Salesforce today published an AI Fluency Playbook, a guide the provider of software-as-a-service (SaaS) applications hopes will be used to accelerate adoption of artificial intelligence (AI) agents.
The overall goal is to enable organizations to more confidently assign tasks to AI agents, says Ruth Hickin, vice president of workforce innovation for Salesforce. In addition to concerns about job losses, many workers still simply lack the skills needed to work confidently with AI, she adds.
“Engagement is the foundation for AI fluency,” says Hickin. “It’s really critical businesses overcome the initial barrier of fear and confidence.”
The AI Fluency Playbook is based on how Salesforce has been able to employ AI agents to automate its own internal workflows. The company claims 85% of its employees now feel confident using AI tools to drive productivity in their daily work, representing a 16% increase year over year.

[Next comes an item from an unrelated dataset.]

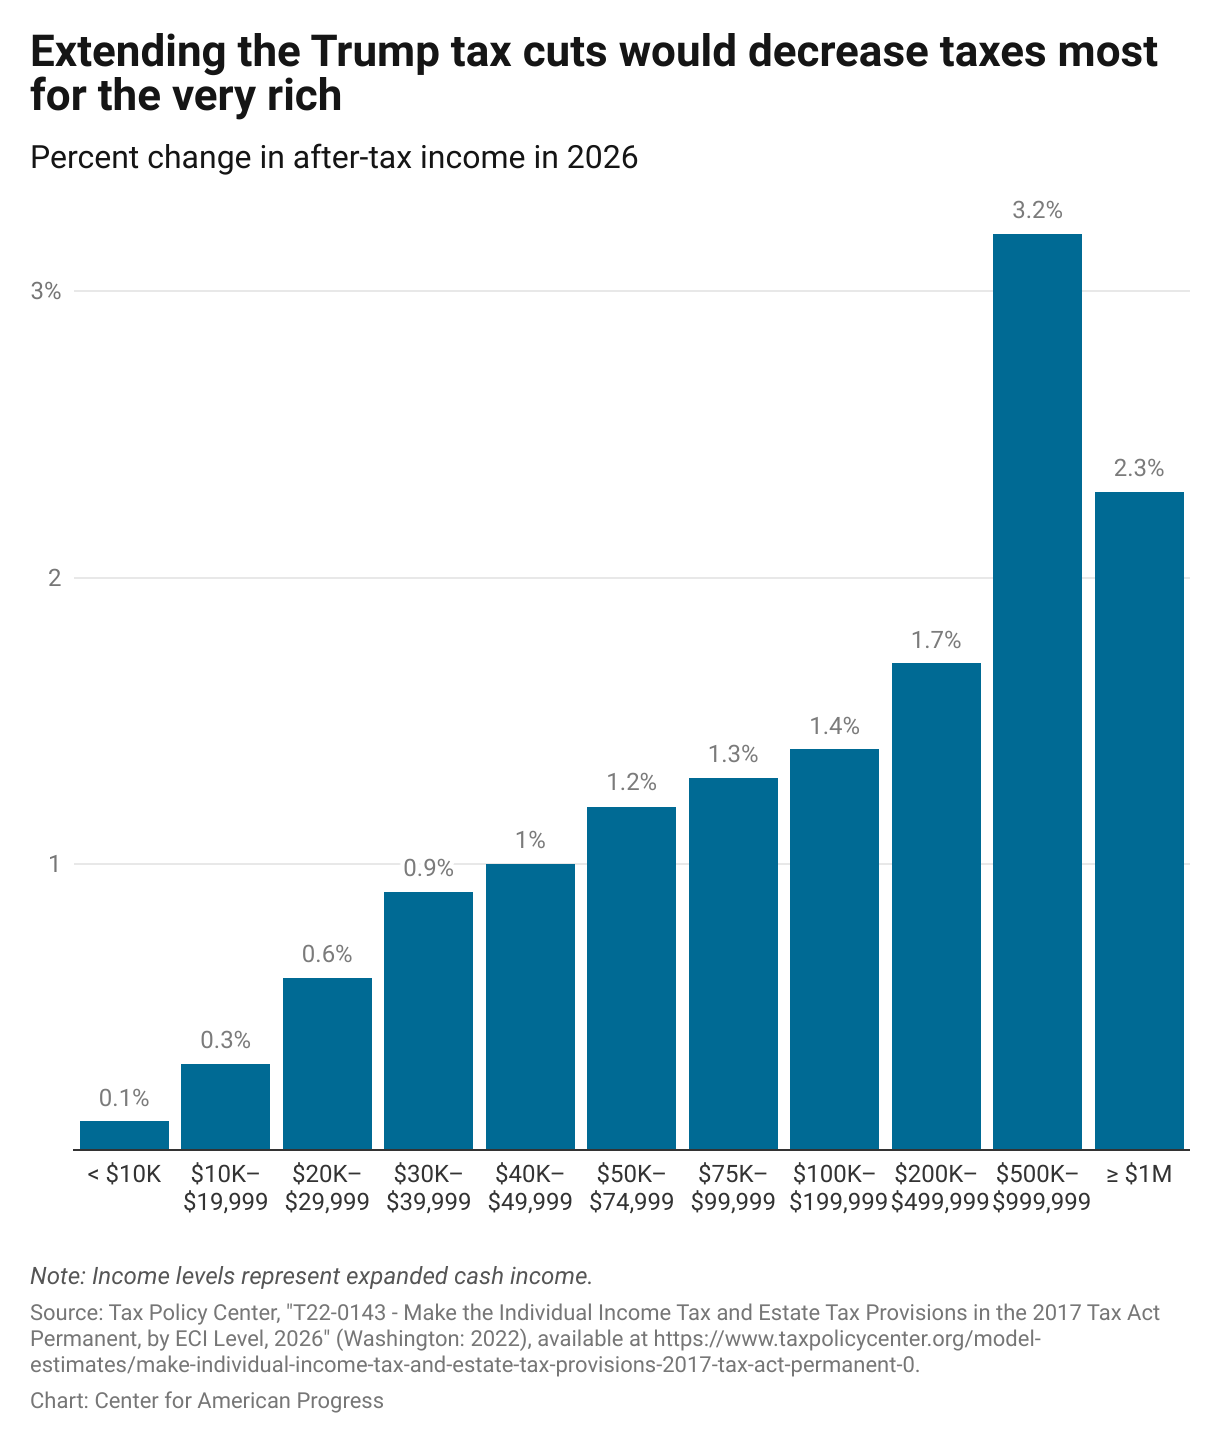 Bar graph showing that extending the Trump tax cuts would give the largest tax cut to the richest households and the smallest to the poorest households.

The Agentforce in Slack tool, for example, is credited with saving Salesforce employees over 500,000 hours, while an Engagement Agent helped manage 190,000 sales leads, the company claims. A Service Agent handled more than two million support requests for the customer service team.
After initially touting workforce reductions, Salesforce CEO Marc Benioff has since admitted the company was over confident in terms of the degree to which AI would automate internal processes. Nevertheless, the Salesforce CEO remains a staunch advocate of digital business transformation enabled by AI.
In the meantime, most organizations continue to experiment with AI. While there are clear opportunities to reduce the amount of time required to perform specific tasks, the frameworks needed to orchestrate and govern AI agents have not yet been widely adopted.
In general, there needs to be more focus on the people and processes to realize the potential of an incredible technology, says Dan O’Brien, president and COO of the Futurum Group.
“The early innings of the AI revolution have focused so much on the technology, but where we see companies really having the most success with AI is in rethinking their processes for the AI-era,” says O’Brien. “It needs to be more about redesigning around AI than integrating AI into existing processes.”
It’s not clear to what degree organizations are proactively training employees to take advantage of AI technologies. In some cases, organizations have made available formal training programs, while in other instances business leaders are mostly hoping that the rank and file will discover how best to, for example, make use of AI agents on their own. The challenge with the latter approach is that it often results in a lot of trial and error, with successes often difficult to replicate across the organization as a set of best practices.
Ultimately, it’s not a question of whether AI will be adopted so much as it is now to what degree. There are still numerous reliability issues that organizations will need to address before a set of probabilistic generative AI technologies can be relied on within the context of what are often deterministic processes that need to be completed the same way every time. Most organizations have also yet to fully come to terms with the total cost of using generative AI tools at scale.
In the meantime, however, organizations would be well advised to develop a strategy now versus hoping that somehow a thousand flowers might one day magically bloom in a way that actually benefits the business.